# tlohde

paper trails

22:58 17/06/2025
898 words
contents

reference's references

Input a single DOI and see the temporal distribution of the references; and then the distribtuion of the reference's references. And so on back. Until, the beginning of time - or until I decide enough is enough.

status: idle

status: idle

why?

This is an extension of the previous thing, and was motivated by this reply on mastodon. I was curious, to see how quickly[1], the earliest reference hops back in time with each iteration. So I set to it.

goal

fears

method rambling

All data is grabbed from OpenAlex[4] and their handy API.
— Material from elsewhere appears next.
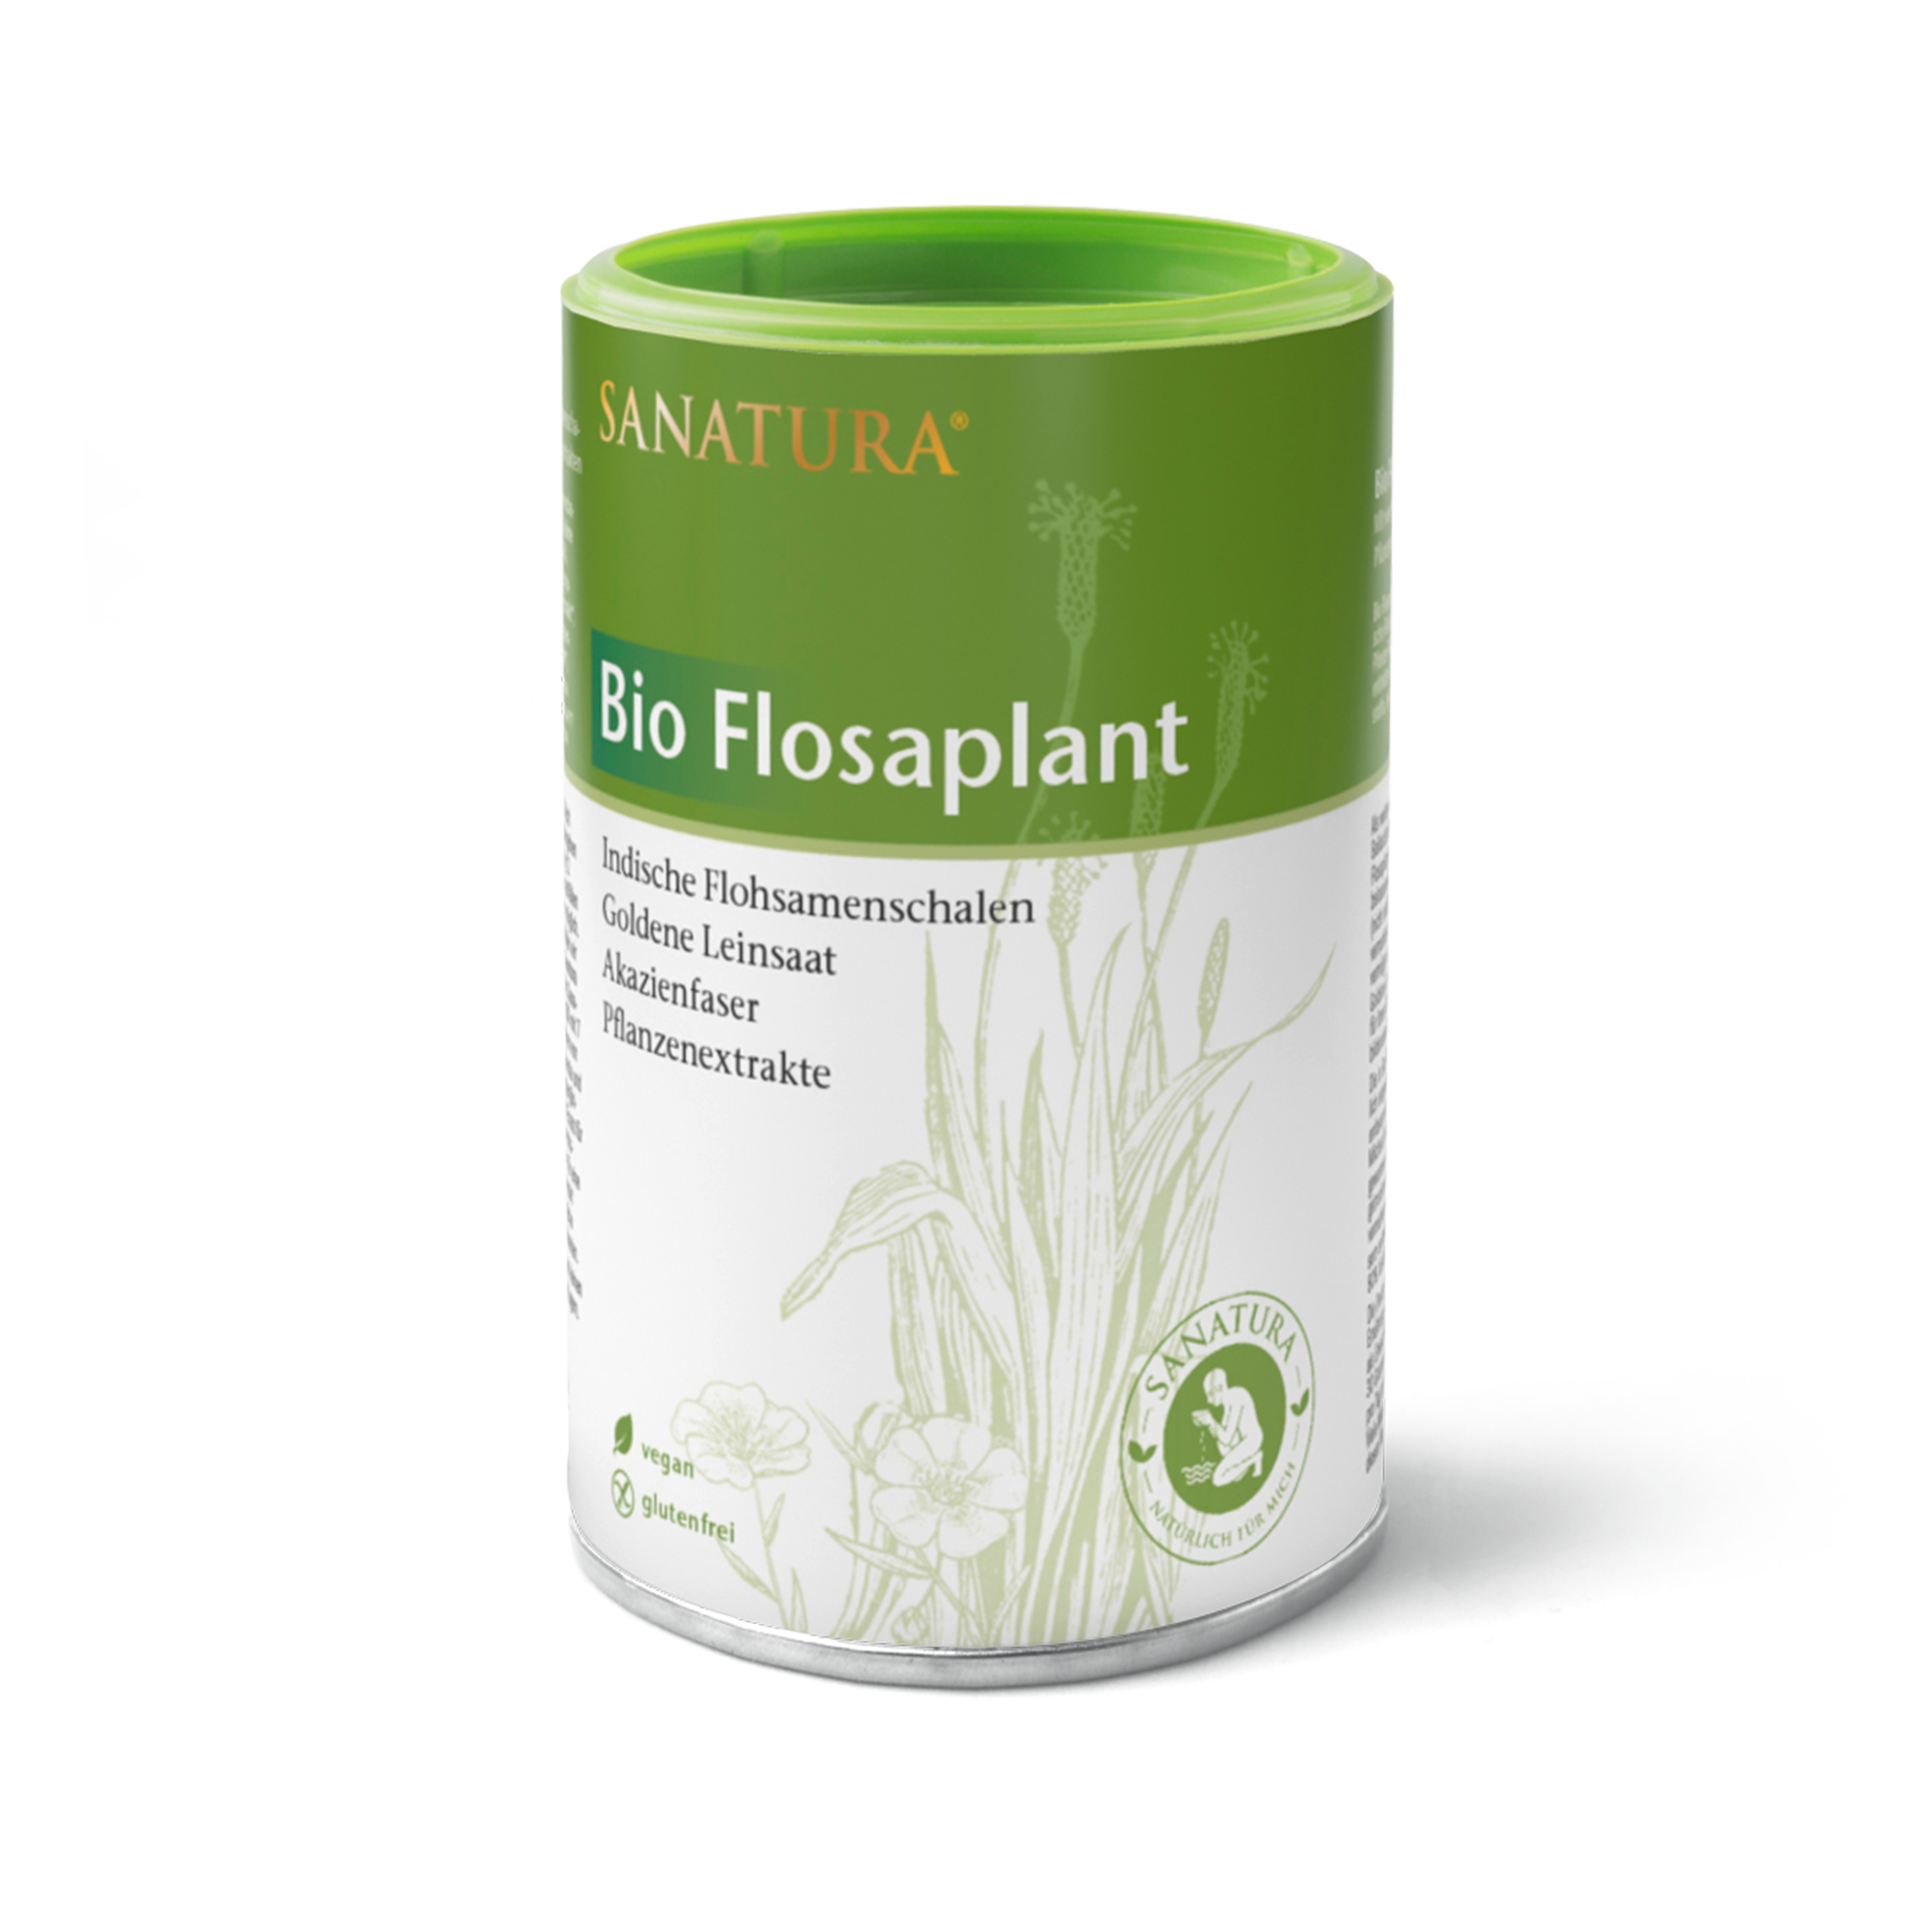 Sanatura Flosaplant | 200g | Reich an löslichen Ballaststoffen mit Flohsamenschalen & Leinsaat | Unterstützt Verdauung & Wohlbefinden

If the goal was just to go back one generation, I could have used the group_by=publication_year filter. Which would have been great, because all the results would have fitted onto a single page. Unfortunately, however, group_by doesn't return the ids, so instead I have to page through the results - which was a bit fiddly. Pages show a maximum of 200 results at a time. Additional fiddle was splitting up the queries into batches of 50. A little status update thing endeavours to keep the user informed.[5]
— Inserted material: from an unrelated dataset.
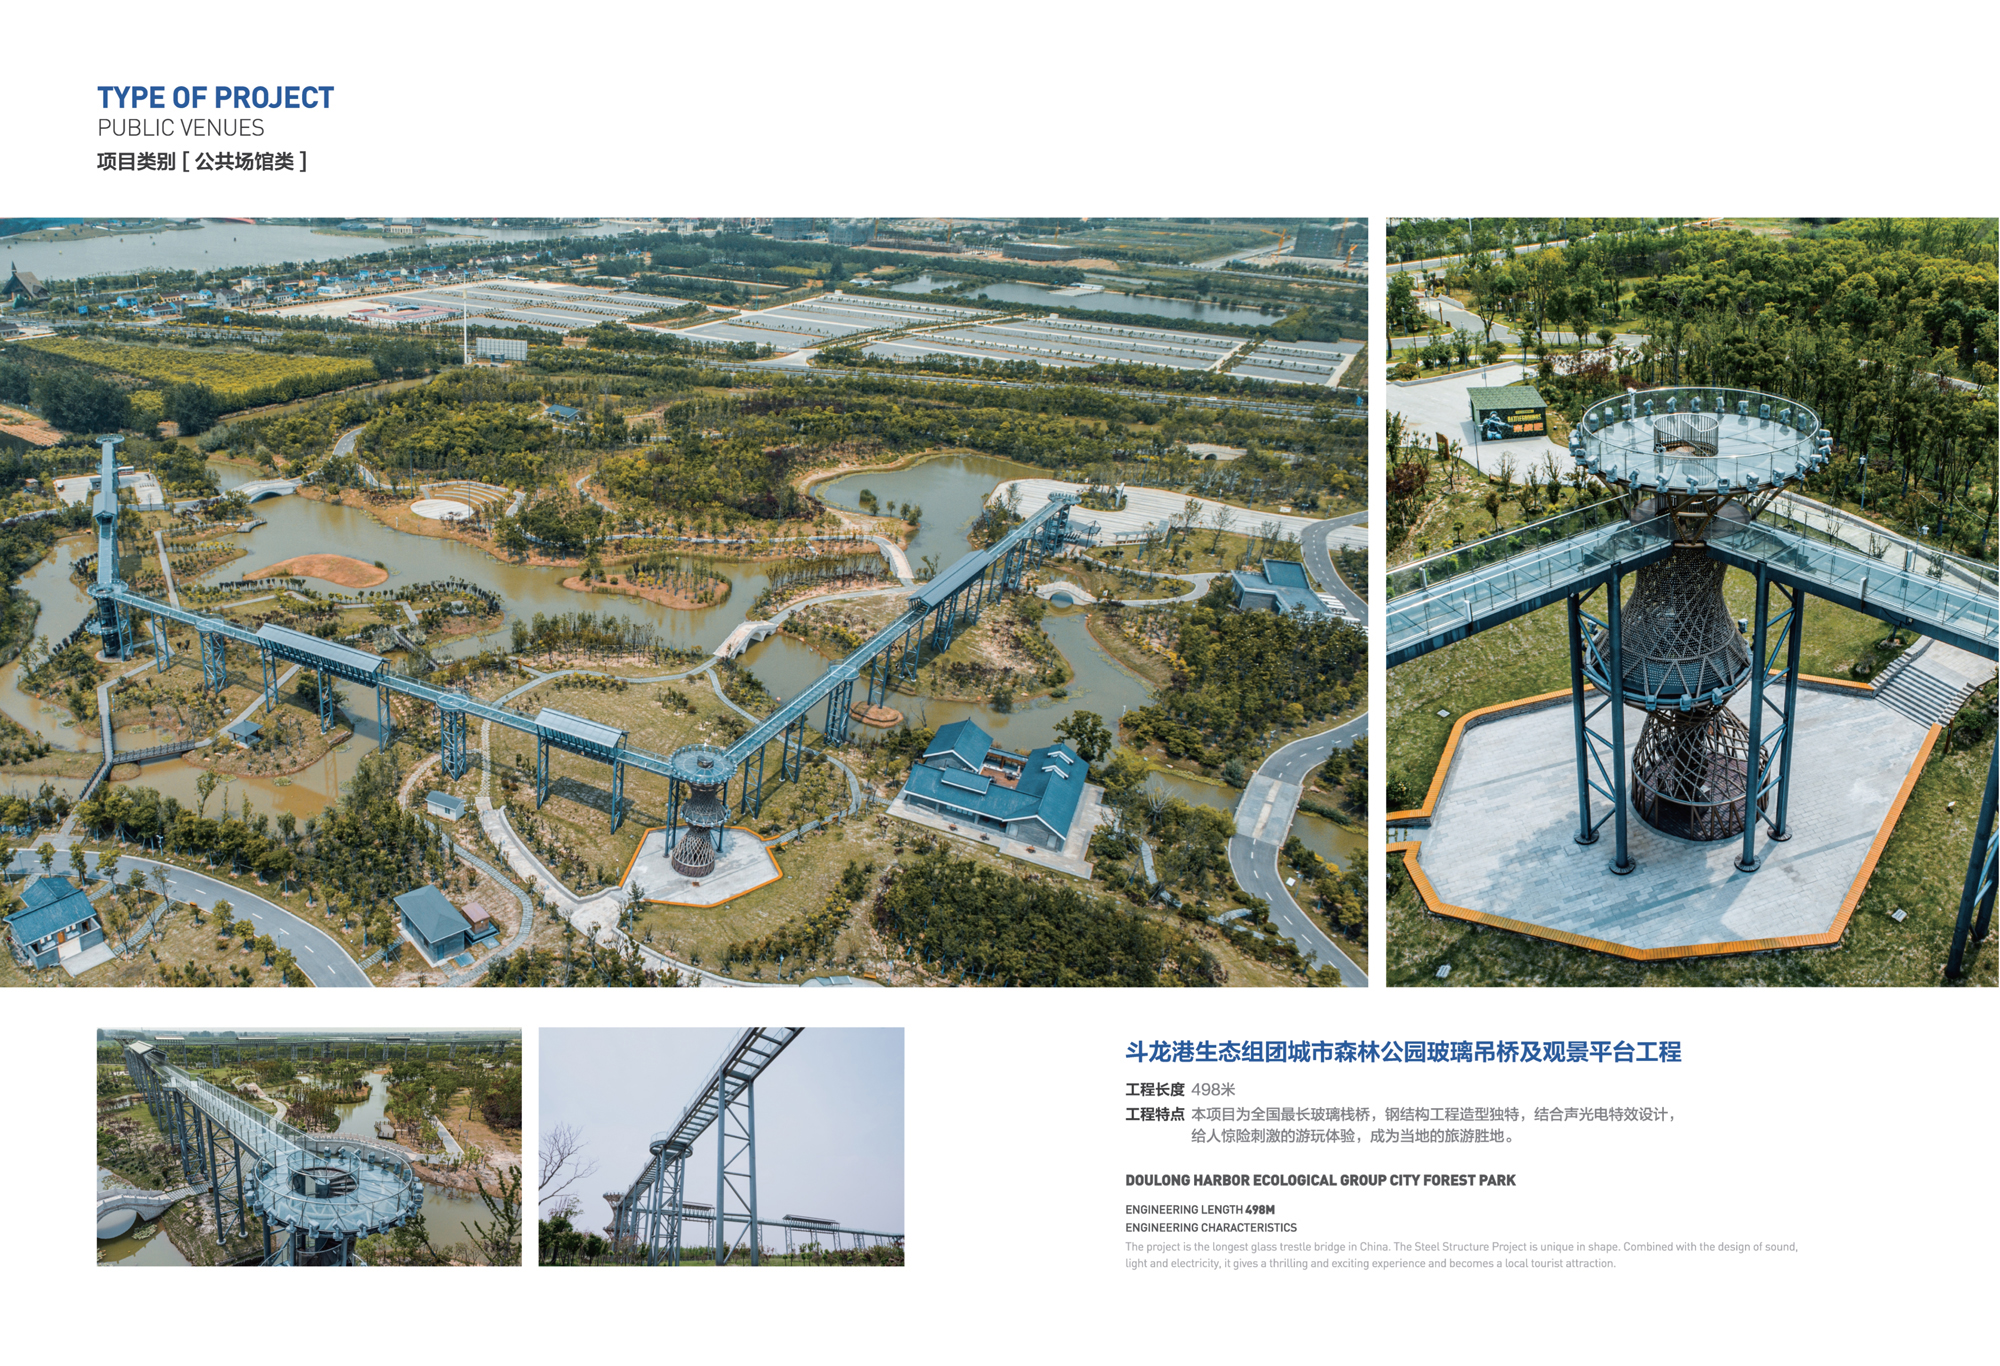 斗龙港生态组团城市森林公园玻璃吊桥及观景平台工程

I don't think there's any danger of hitting the rate limits. But there might be. Requests aren't polite, to be polite, the calls to OpenAlex need an email address, and well, I thought I'd spare you the indignity[6] of having to input an email address.

In my testing[7] the first 3 generations usually happens pretty painlessly. Beyond that, you'll have to: (a) demonstrate you really want it; (b) be patient; (c) be lucky.

The earliest item in each generation is put into the table, with a link to its entry in OpenAlex.

plotting

First time using plotly's js library. I didn't try to get fancy, and let the defaults be. Handily, it includes functionality like double-clicking a legend entry shows only that (inc. re-scaling the axes appropriately).

It'd be nice if, upon hovering or clicking on a bar, I could show the list of underlying refernces.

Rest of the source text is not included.